▸ Prompt:
Skip the images and print the listing exactly.

▸ Raw data:
···
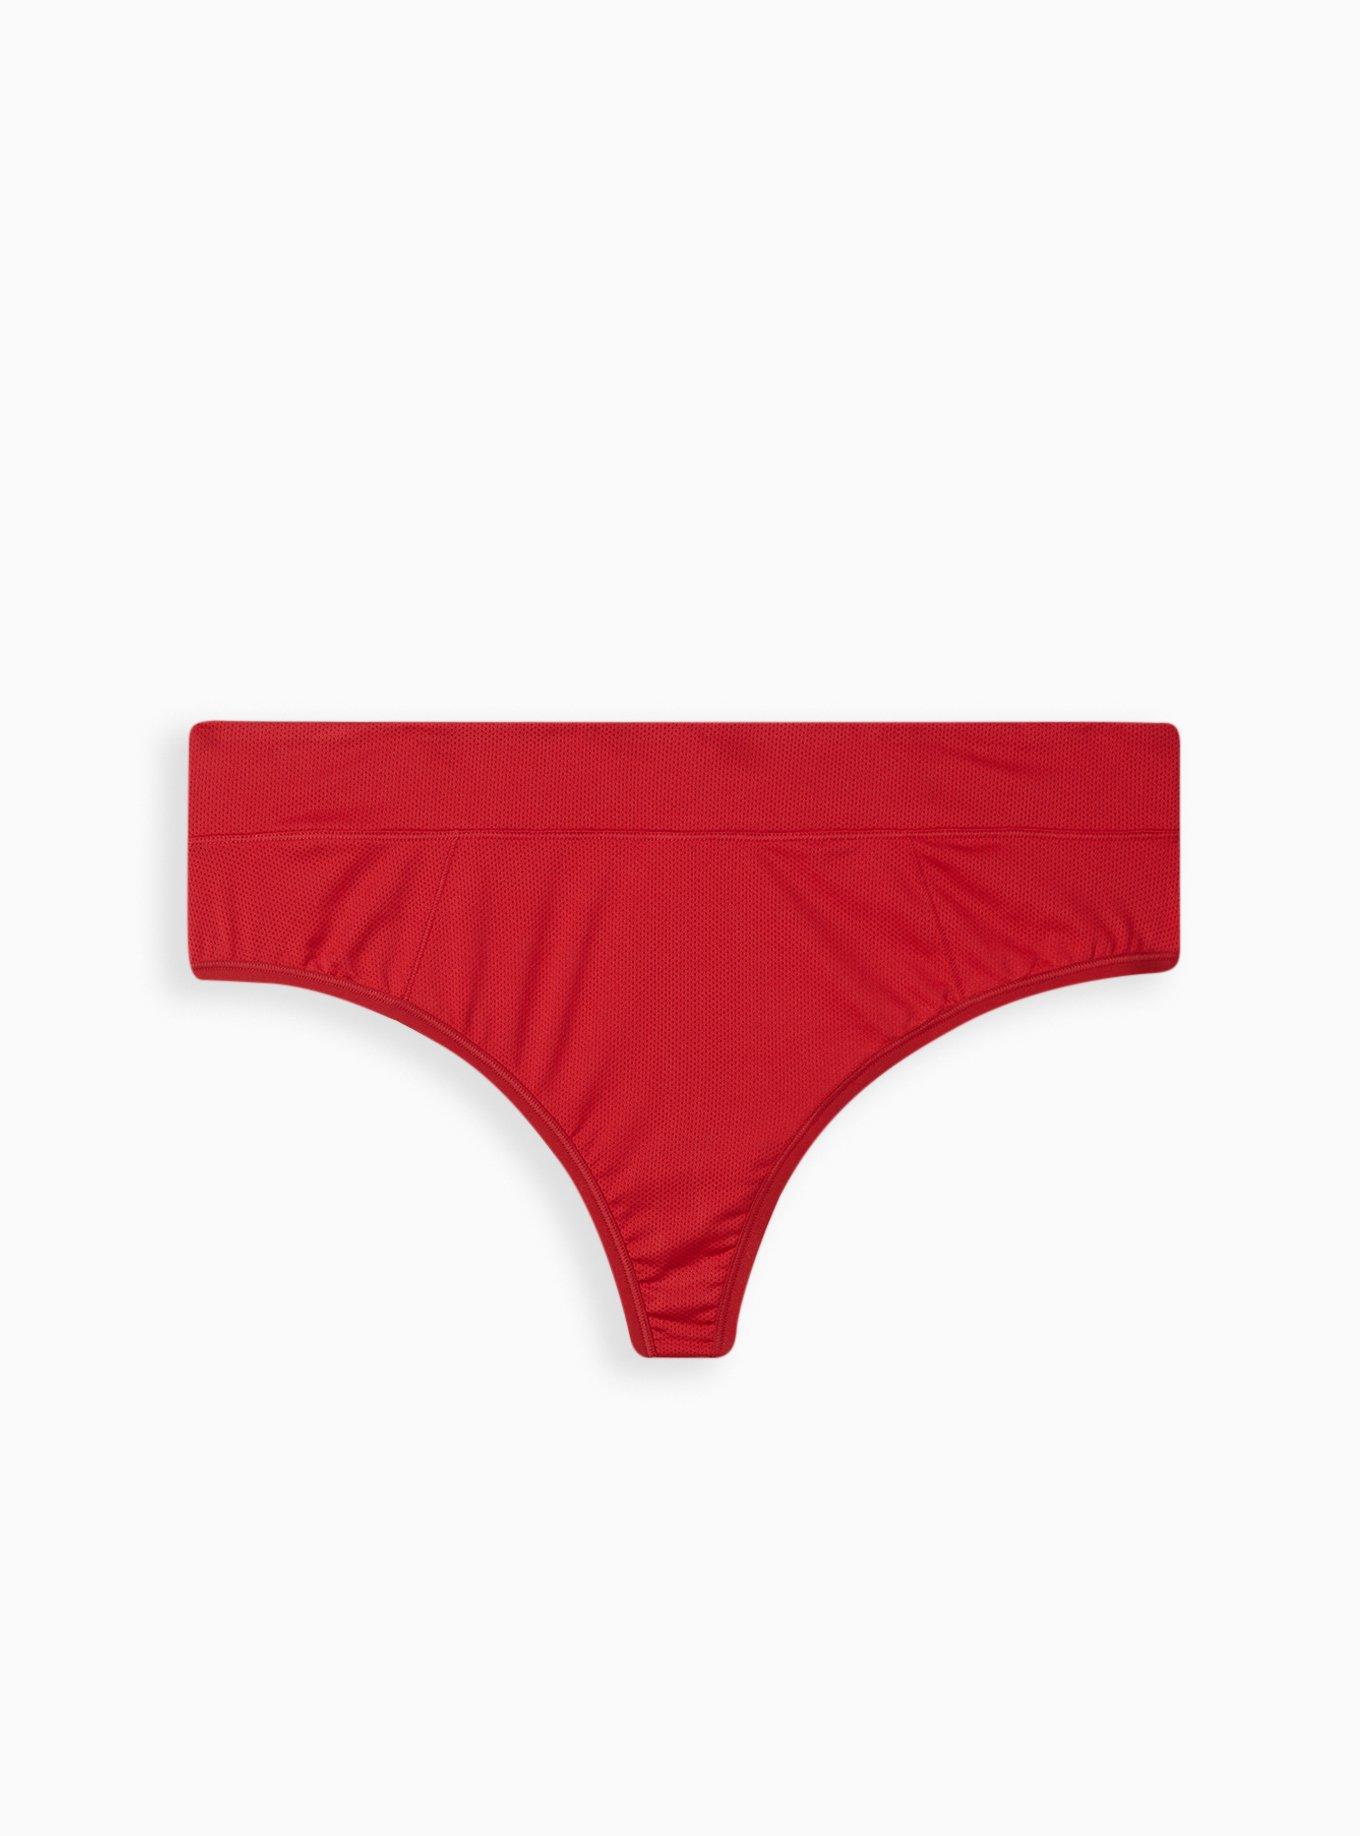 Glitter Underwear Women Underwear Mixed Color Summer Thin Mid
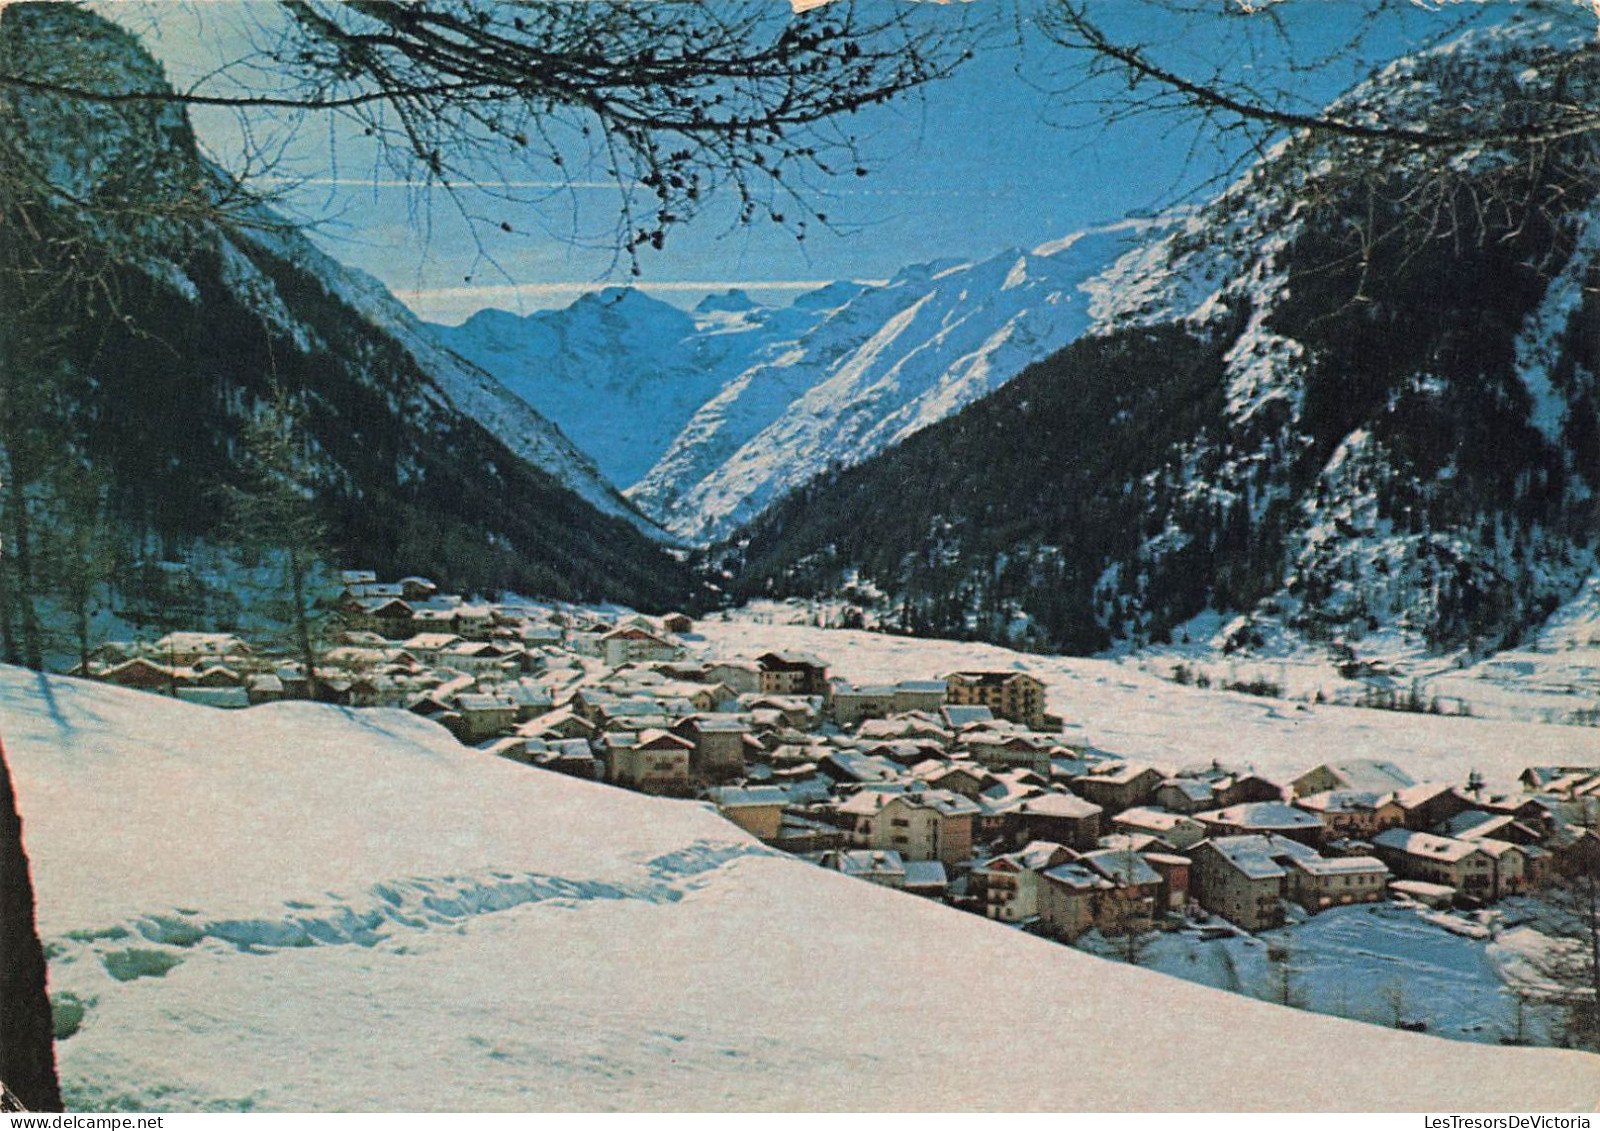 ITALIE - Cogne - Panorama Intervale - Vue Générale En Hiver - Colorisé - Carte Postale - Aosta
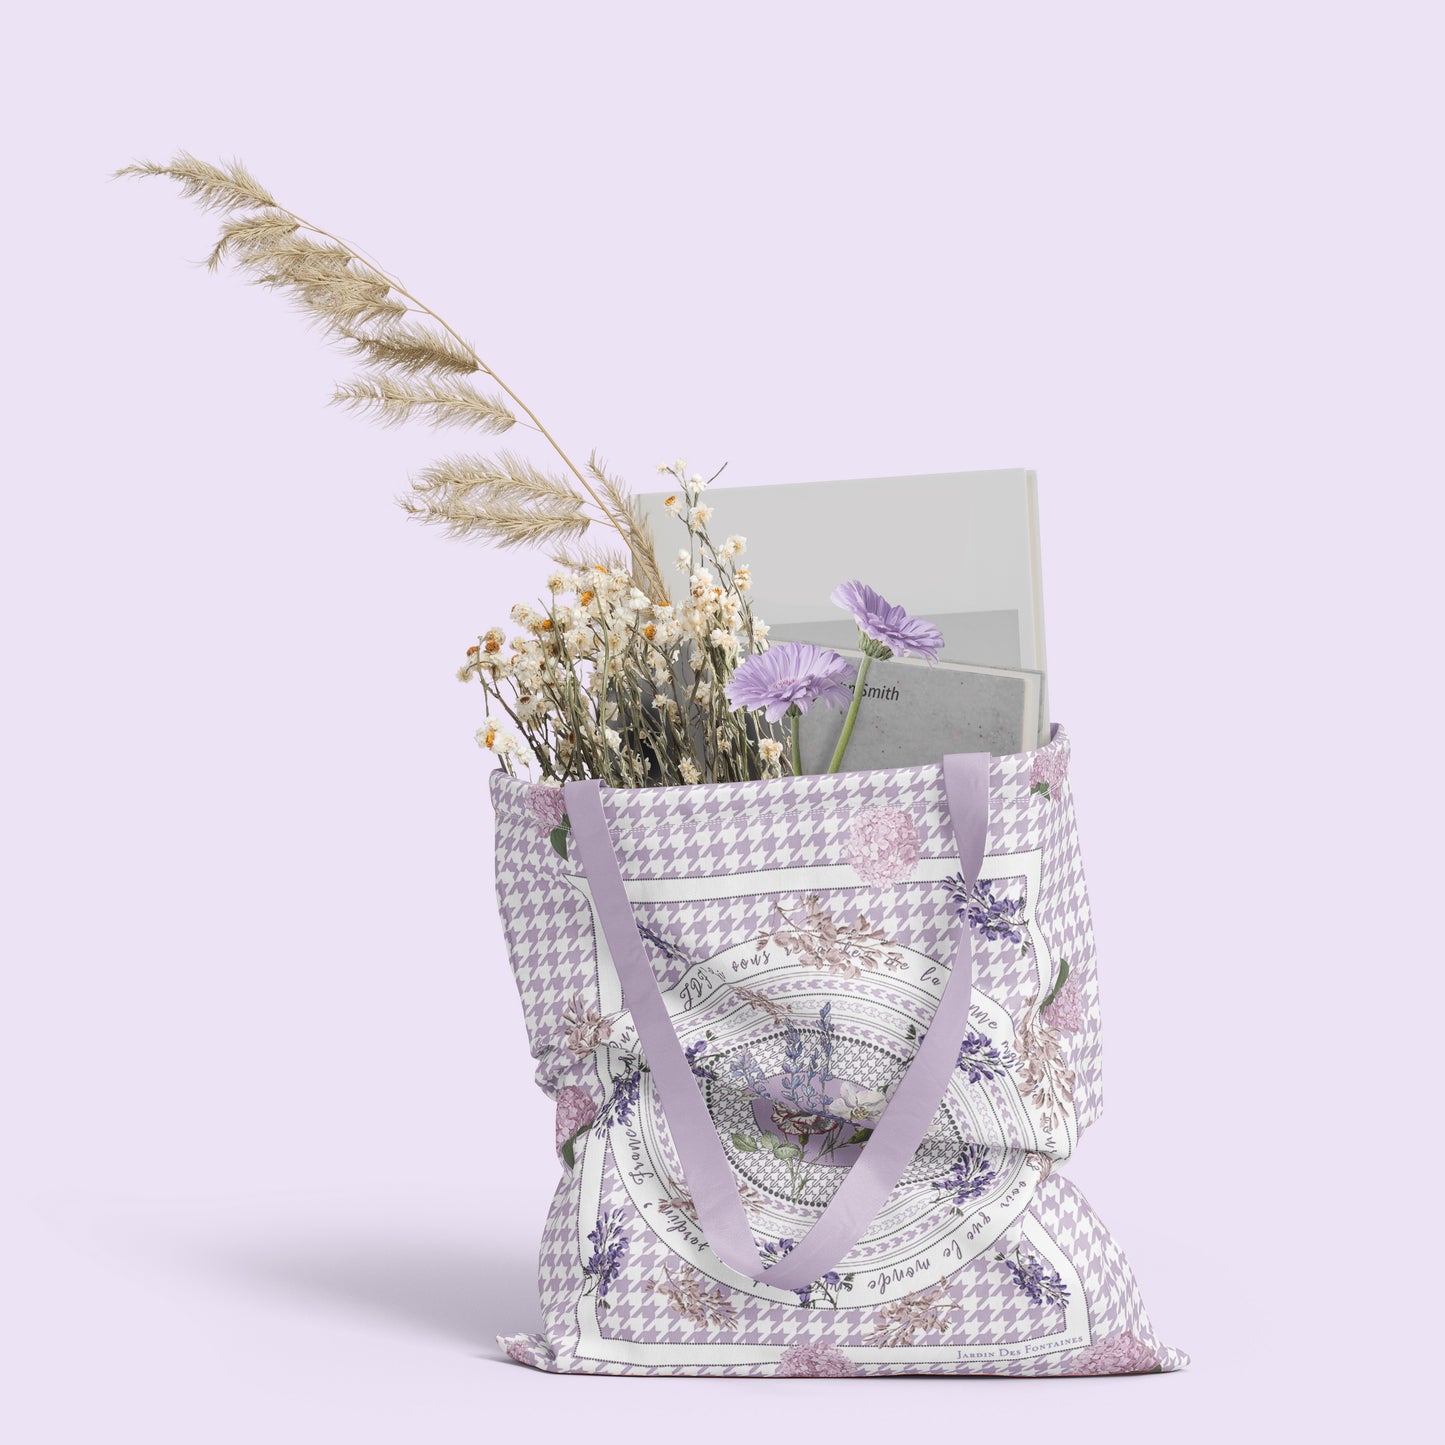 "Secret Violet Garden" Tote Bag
···
▸ Reply to the task:
 Glitter Underwear Women Underwear Mixed Color Summer Thin Mid
 ITALIE - Cogne - Panorama Intervale - Vue Générale En Hiver - Colorisé - Carte Postale - Aosta
 "Secret Violet Garden" Tote Bag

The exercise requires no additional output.